In modern safety and sustainability programmes, operational readiness means having connected systems, clear governance, and real-time insights that help teams respond quickly to emerging risks.

Why are organisations moving beyond compliance in safety management?

Compliance is increasingly seen as the baseline rather than the end goal of safety programmes.

Organisations are moving beyond compliance because regulations alone cannot prevent every incident or operational disruption. Instead, businesses are focusing on improving visibility into risk, predictive insights, and stronger operational coordination.

This shift allows organisations to prevent incidents earlier, reduce operational disruption, and improve overall resilience.

What is connected risk management?

Connected risk management is an approach where safety, sustainability, chemical, and operational data are integrated into a single ecosystem of insights.

Instead of managing risks through separate tools or disconnected systems, organisations connect data across multiple operational areas. This enables leaders to identify patterns, prevent repeat incidents, and make faster decisions based on real-time information.

Why are companies consolidating safety and sustainability software vendors?

Many organisations are consolidating vendors to reduce fragmentation in their risk management systems.

When safety, sustainability, and chemical management tools operate separately, teams often struggle to access consistent data or share insights across departments. Vendor consolidation helps organisations create a more consistent user experience, simplify training, and improve data sharing across systems.

This approach also improves oversight and enables organisations to extract more value from connected risk insights.

Why is chemical risk management still a challenge for many organisations?

Chemical exposure remains common across many industries, but chemical safety strategies often lag behind other risk programmes.

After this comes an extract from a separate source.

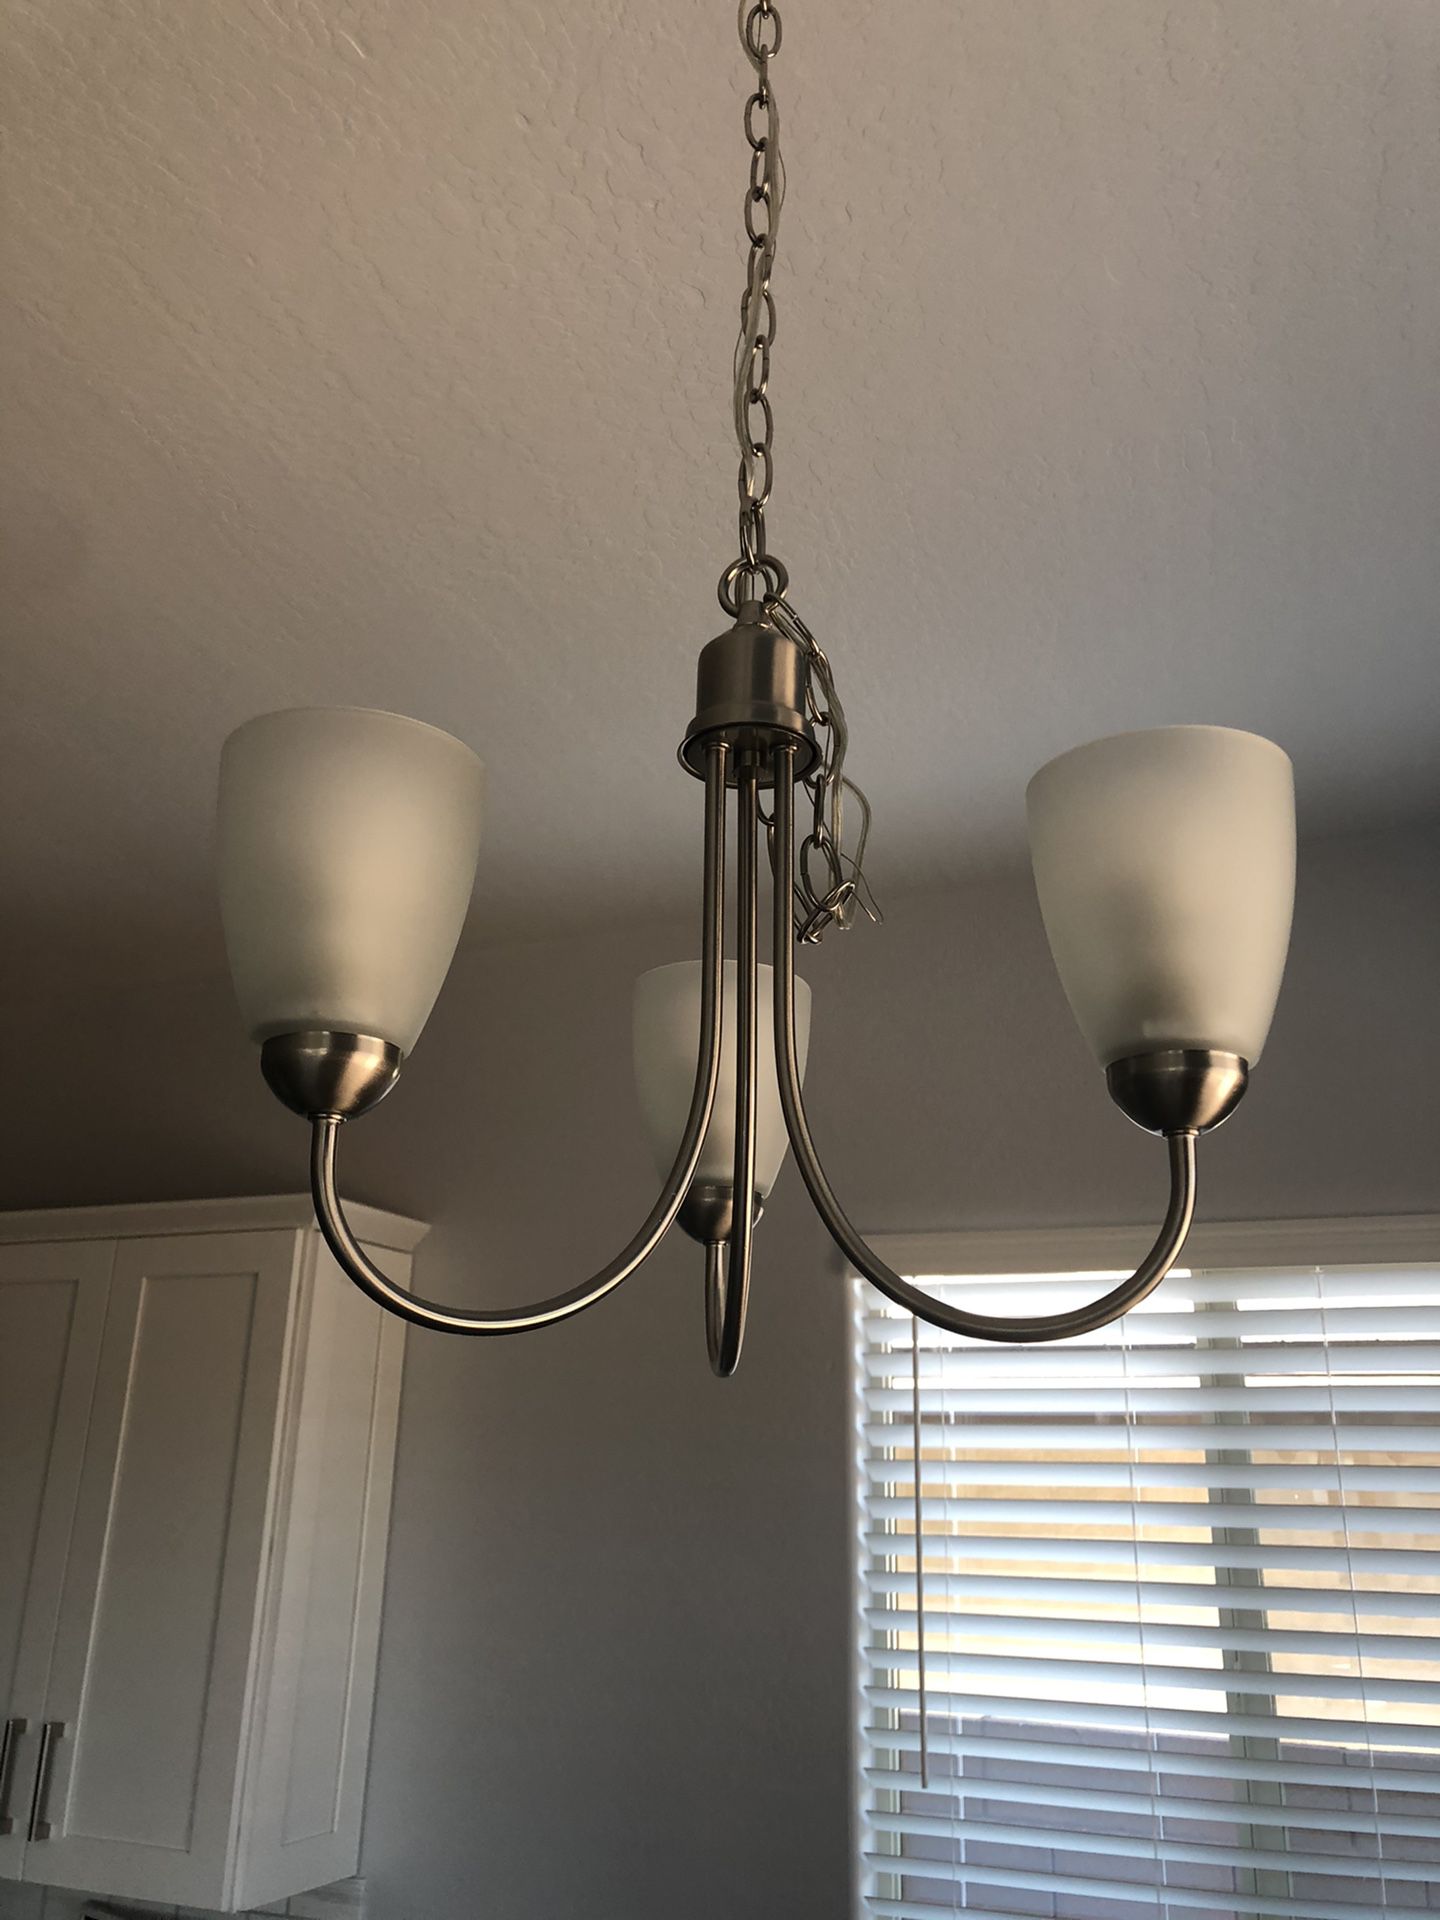 New kitchen light chandelier

This gap typically occurs because chemical management is treated as a compliance exercise rather than an operational discipline integrated into daily safety workflows.

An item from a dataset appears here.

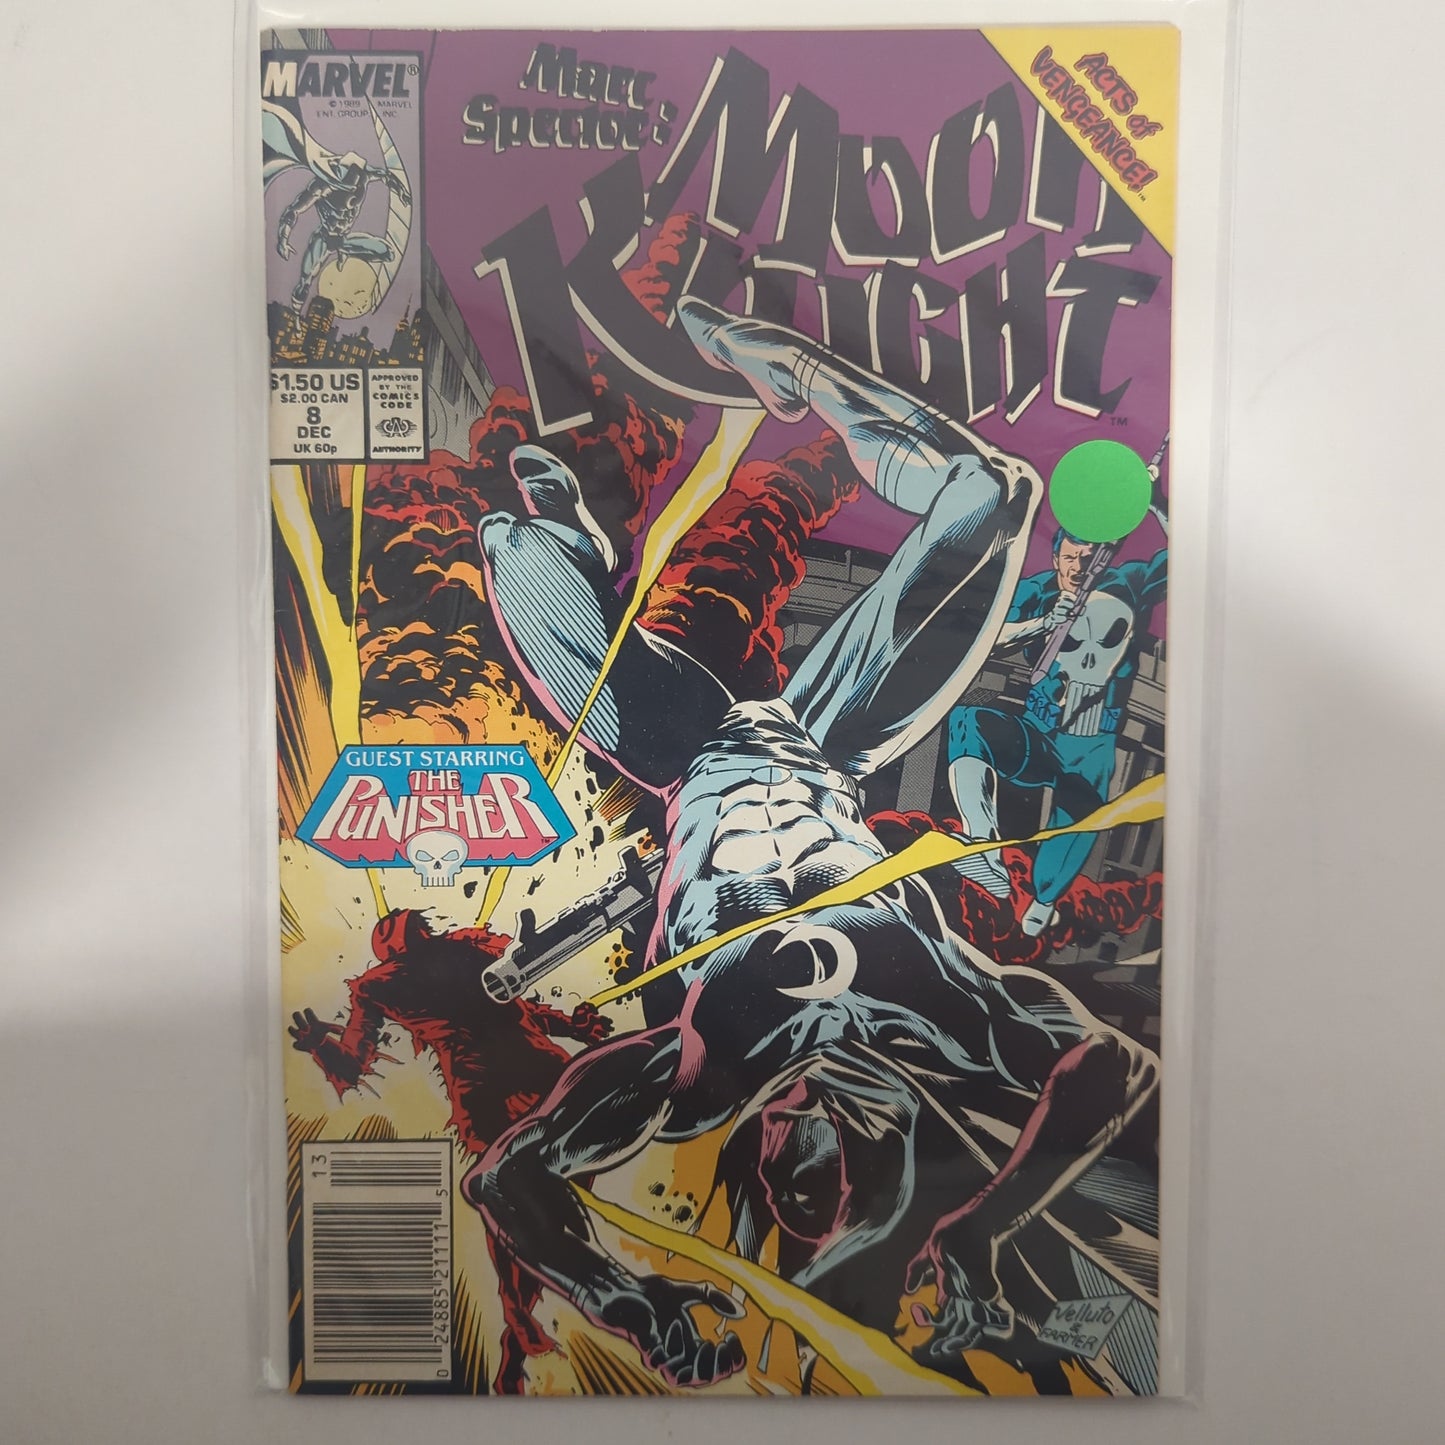 Moon Knight #8 Newsstand

Without consistent access to safety data sheets (SDS), substitution programmes, and clear hazard communication, organisations may struggle to reduce exposure risks or implement safer alternatives effectively.

What risks do lone workers and contractors face in modern workplaces?

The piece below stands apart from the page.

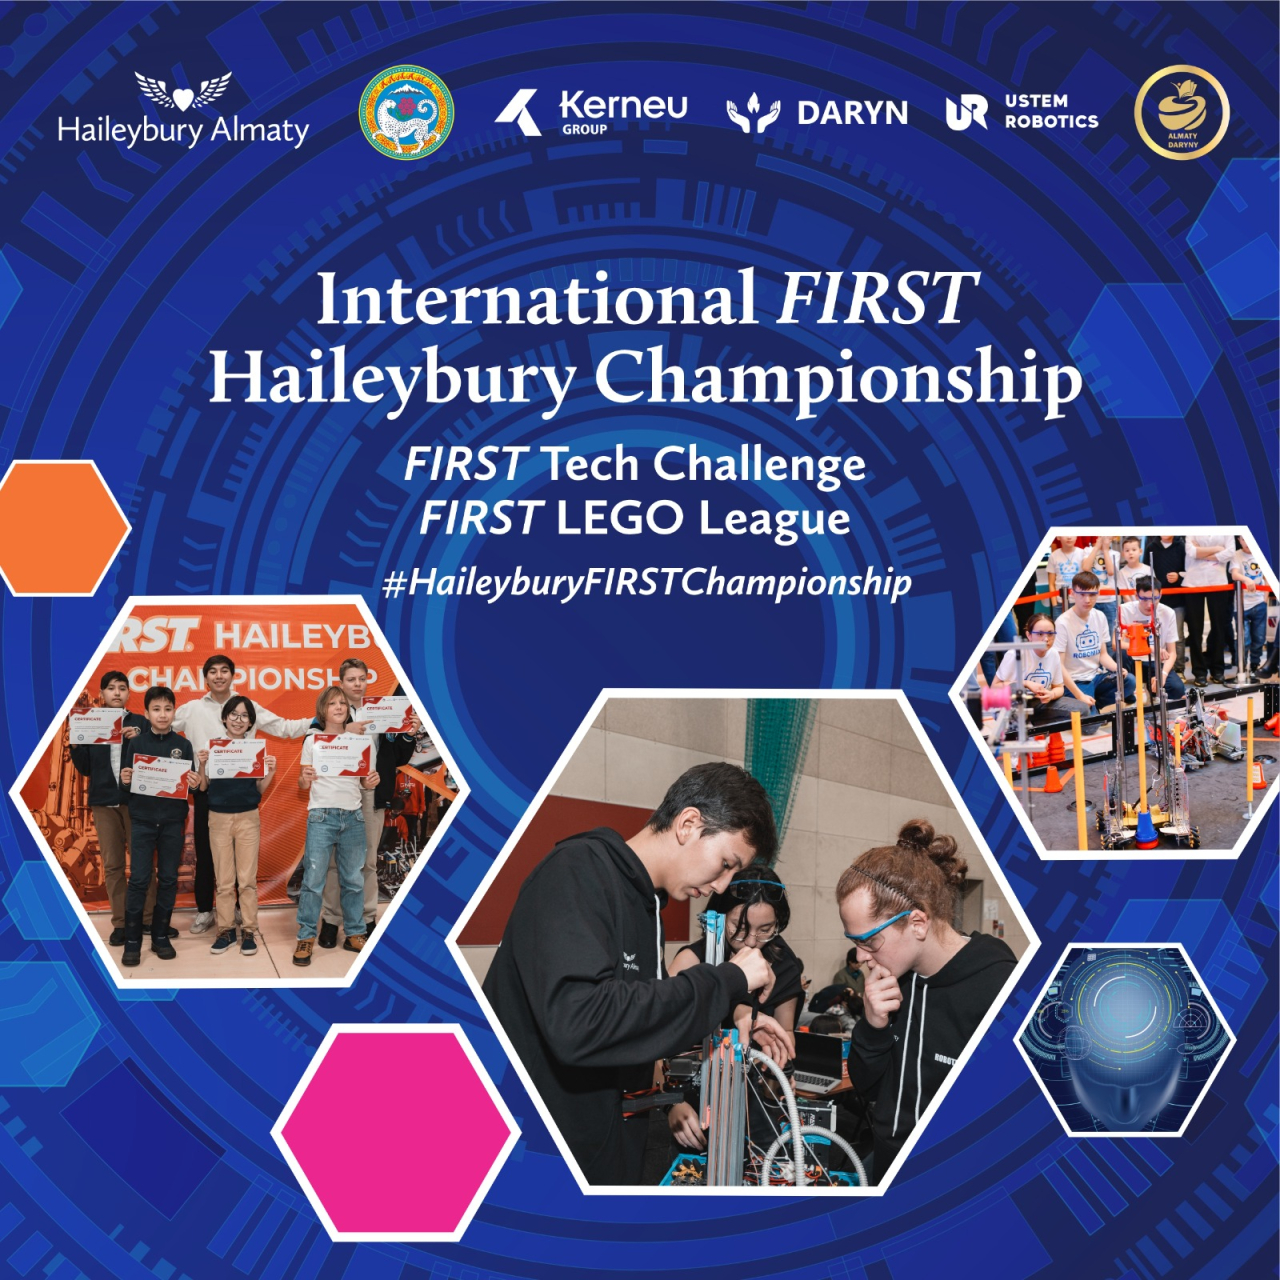 Haileybury мектебінде өтетін FIRST халықаралық чемпионаты

As work becomes more distributed across sites, contractors, and remote locations, organisations face increased challenges in maintaining consistent safety oversight.

Lone workers may have limited supervision and slower response times during emergencies. Contractors may also operate outside standard internal safety processes.

As a result, organisations are investing in digital lone worker monitoring, contractor management systems, and connected safety platforms to ensure consistent oversight and incident response.

Why is workforce engagement critical to safety transformation?

Technology alone cannot improve safety outcomes without active workforce participation.

Frontline employees are often the first to identify hazards, incidents, or near misses. When workers actively report issues and engage with digital safety systems, organisations gain real-time insight into operational risks.

High engagement improves reporting accuracy, accelerates corrective action, and strengthens the overall safety culture.

What role does AI play in workplace safety and risk management?

Artificial intelligence is beginning to support safety professionals by helping analyse large volumes of operational data.

AI can assist with tasks such as incident analysis, pattern detection, predictive risk identification, and automated reporting.

However, organisations are adopting AI cautiously, ensuring that it enhances human expertise rather than replacing judgement in safety-critical decisions.

How can organisations prepare for future operational risks?

Organisations can strengthen readiness for future risks by focusing on three key capabilities:

1. Connected risk data across safety, sustainability, and operational systems
2. Workforce engagement that supports real-time reporting and insights
3. Predictive capabilities, including analytics and AI tools that identify emerging risk patterns

These capabilities help organisations move from reactive compliance to proactive risk prevention and operational resilience.